Ian Mcquaid’s Gone To A Rave* #2
*In his bedroom
This week I’m gonna look at the relation between American RnB and English rave. I think this is a topic I’ll be returning to time and again, as there’s been so much interplay between continents. In the 90s the cultural theorist Paul Gilroy came up with the phrase ‘The Black Atlantic’ to describe the flow of thought and culture across the disposed peoples of the African diaspora, charting the passage of music over routes previously navigated by slave ships. The English dance underground has long been the place to witness those exchanges in action, with American, Jamaican and African signifiers freely, gleefully hijacked and repurposed for London soundsystems.
What I find interesting – and what I’m looking at today – is the way technology has shaped the interaction between rave and RnB.
One of the defining characteristics of the hardcore sound of 89-92 was the helium vocals nicked from the acapellas on US import 12”s. Limited sampler memory meant that producers could only ever grab snatches of vocal; a line, a screech, a holler. Just check these early tracks from the unsung genius Noise Factory – he’s packing the samples in like a digital Phil Spectre, creating a wave after wave of screaming soul in single second bursts . The way he works with his limitations kills me – on ‘Was I Raving’, in lieu of having another synth, he simply batters the pitch adjust on a Technics to create a really shaky, really exciting lead line.
His sample choices are straight from the UK rave songbook – in the way that traditional musicians new certain vamps or keys create certain moods, there’s a pantheon of samples that lay the foundation for rave – not just the well documented breakbeat sources, but the vocal stabs – in this case Noise Factory uses the disco of First Choice’s ‘Let No Man Put Asunder’ (a sample so rinsed it’s almost invisible), alongside selections from Ecstacy, Passion & Pain – Touch And Go. Touch And Go was a New York warehouse classic, it’s vocal cannibalised for countless rave hits, from the underground (junglists Jumping Jack Frost and Tom & Jerry both had a crack at it) to the mainstream; JX’s mid 90s house chart topper ‘Son Of A Gun’ pinched it’s vocal wholesale from the track. With limited sampler space it seems fair to assume that certain vocals were privileged for a) being able to fit to tempo and b) nailing an emotion instantaneously- A feat those big lunged New York diva records had well sewn up.

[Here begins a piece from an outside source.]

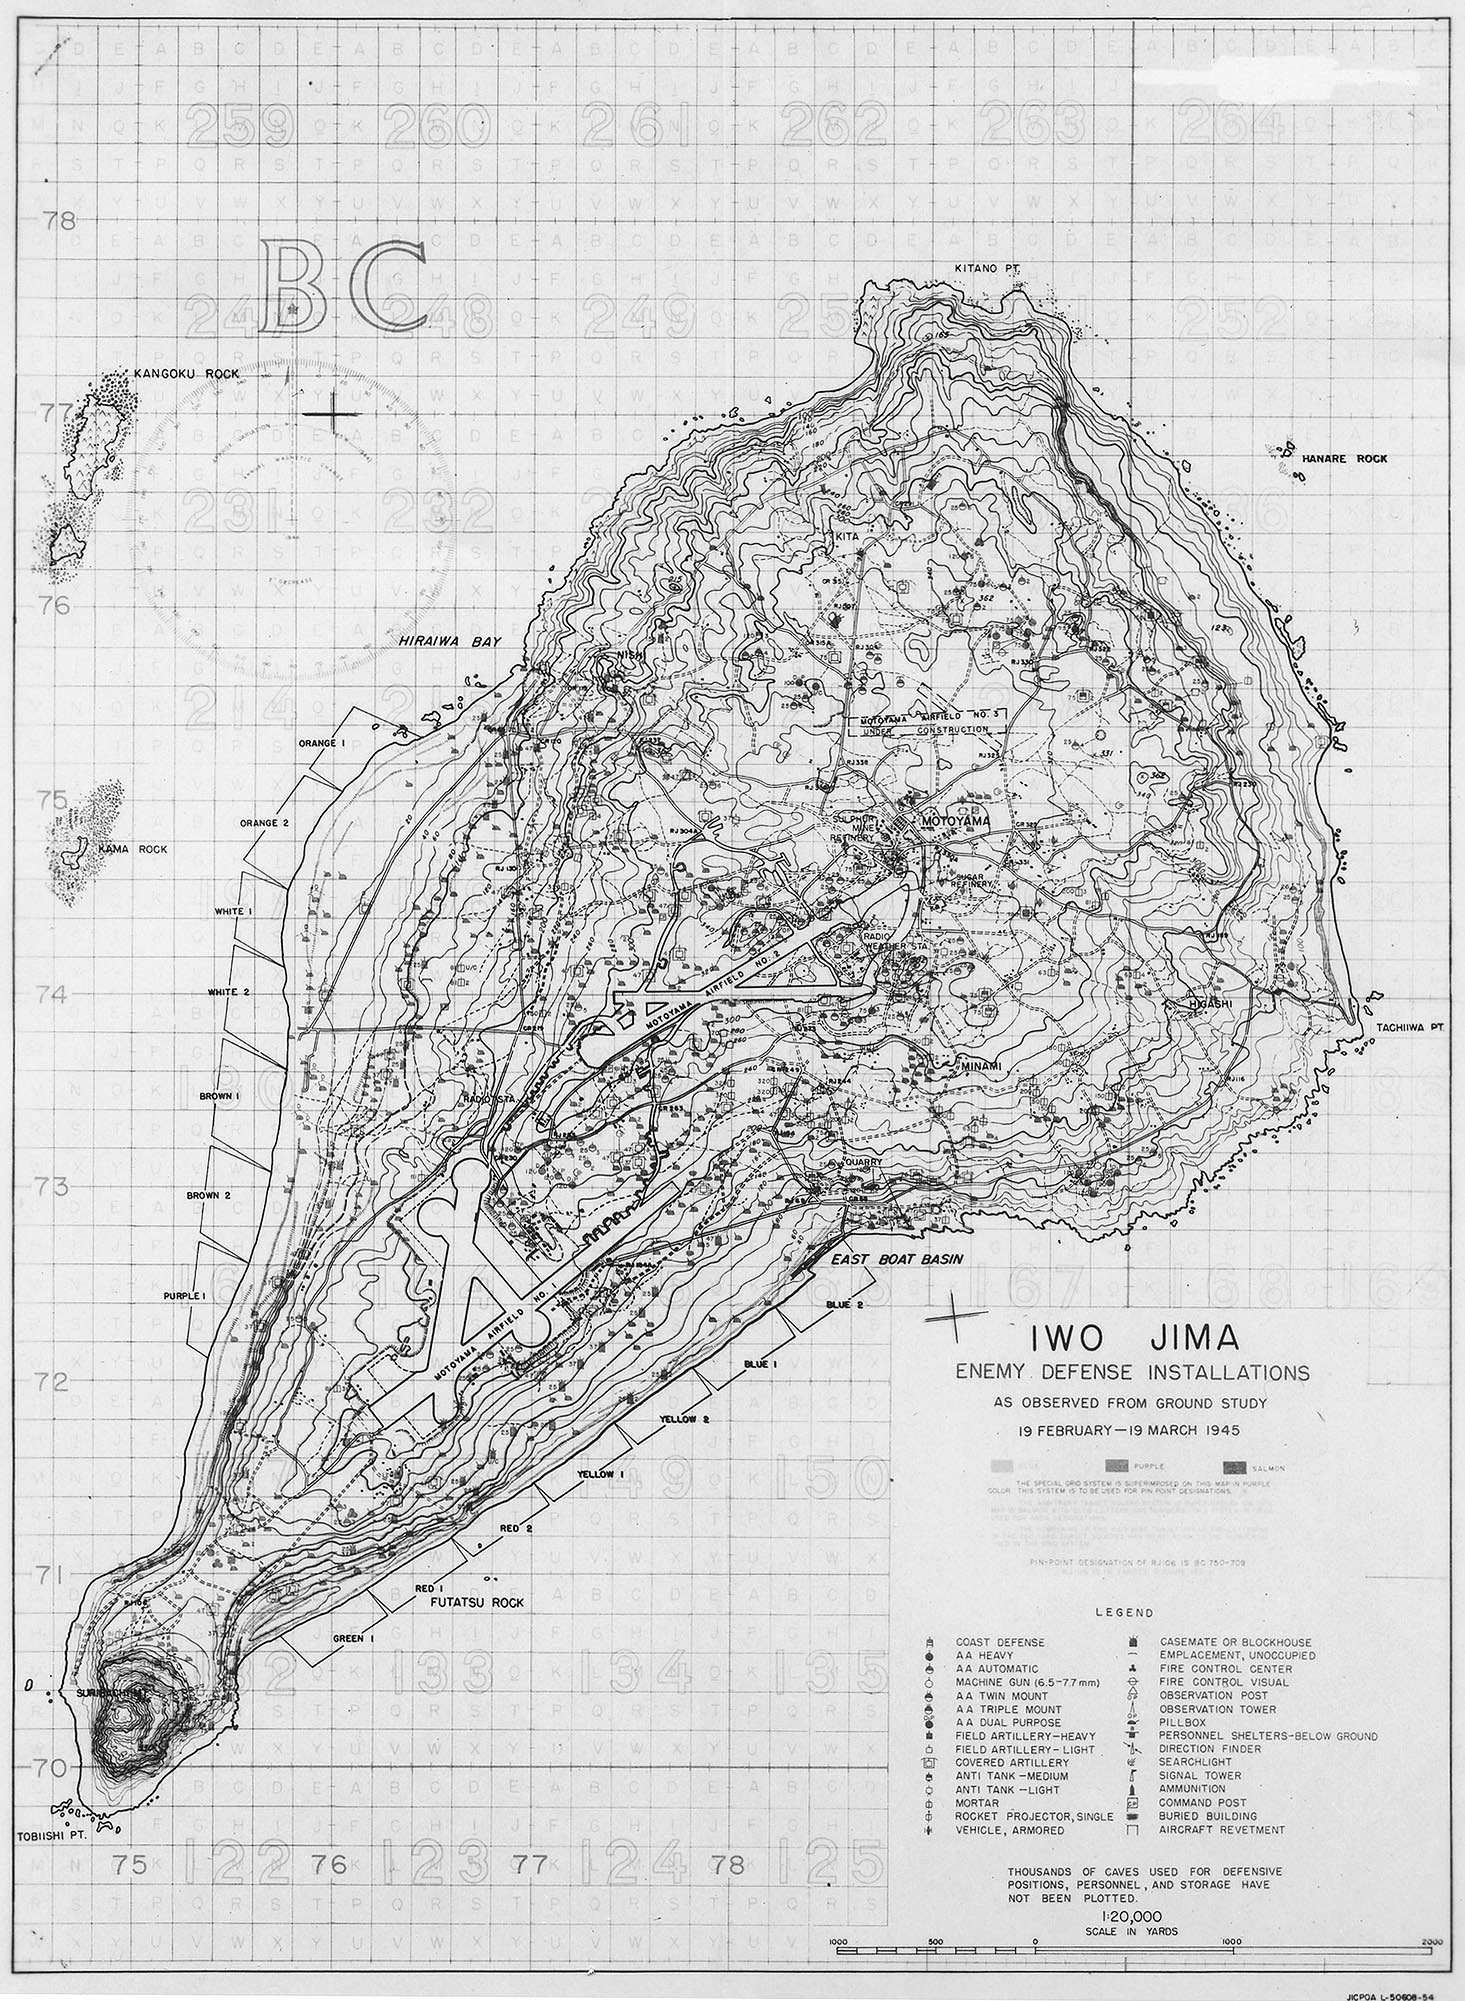 Contour map of Iwo Jima, showing Japanese defense installations as observed from ground study during the period of 19 Feb-19 Mar 1945, map 1 of 2

With jungle you see a change, with both the switch in tempo and the expansion of technology having an effect. With more memory longer sections of songs could be grabbed, and with the bpm’s nudging to 160 and beyond, it suddenly made more sense to slow a vocal down, or leave it completely, and run it at half time to the snare drum. With so much of jungle being about reclaiming the swing from hardcore’s mad speed addled energy, it made perfect sense to let the vocals breathe a little. Zinc’s Fugees remix is probably the most famous example of jungle rhythms matched to half speed RnB to mind blowing effect, but his was just a stop on a long road – this ’94 Toni Braxton remix – given the bizarre, asinine name of ‘Nice Tune’ – teams Braxton’s voice with a simple, near perfect steppers reggae bassline, and some mad frantic break chops. It was caned all over pirate and sounds incredible today – it also is as good a marker as any of how technology allowed samples to return (kinda) to their original context – where hardcore ripped vocals and fucked them up, twisted them, distorted them and made them sharp kinetic hits, junglists were seeking to retain the soul and emotion of the song they were robbing, and apply that slickness to their own UK ruffidge.
This process reached it’s zenith in UK Garage, still London’s strongest claim to a homegrown RnB scene. With the technology now available to take vocals wholesale you had complete songs remixed in a 2 Step style – from Sniper adding a bump and flex to Destiny’s Child to Sovereign who became an expert at reimagining soul – check him here working with Eboni Foster’s 90s jam ‘Everything You Do’ on Truly and Pink’s ‘There You Go’ on the cut of the same name. Of the Sovereign tracks I’m posting here, it kills me that I haven’t got a 12” of Truly – I’ve had to stick up a Youtube clip instead, but it’s too perfect not to post. If anyone’s flogging a copy and doesn’t want dumb discogs prices, get in touch!
I do find myself wondering though, whether the increase in technology is coming at an expense to creativity – where the hardcore cats had to make American RnB work for them, seeking out ways to infuse their tracks with the mystique and skill of American soul, but without being able to directly lift whole passages, the limitation gave rise to strange dayglo hybrids. Now producers can be that little bit lazier, and weget a situation where Ben Pearce becomes a big name by wholesale teefing an amazing Anthony Hamilton vocal and whacking it over a humdrum house plodder. Where's the magic?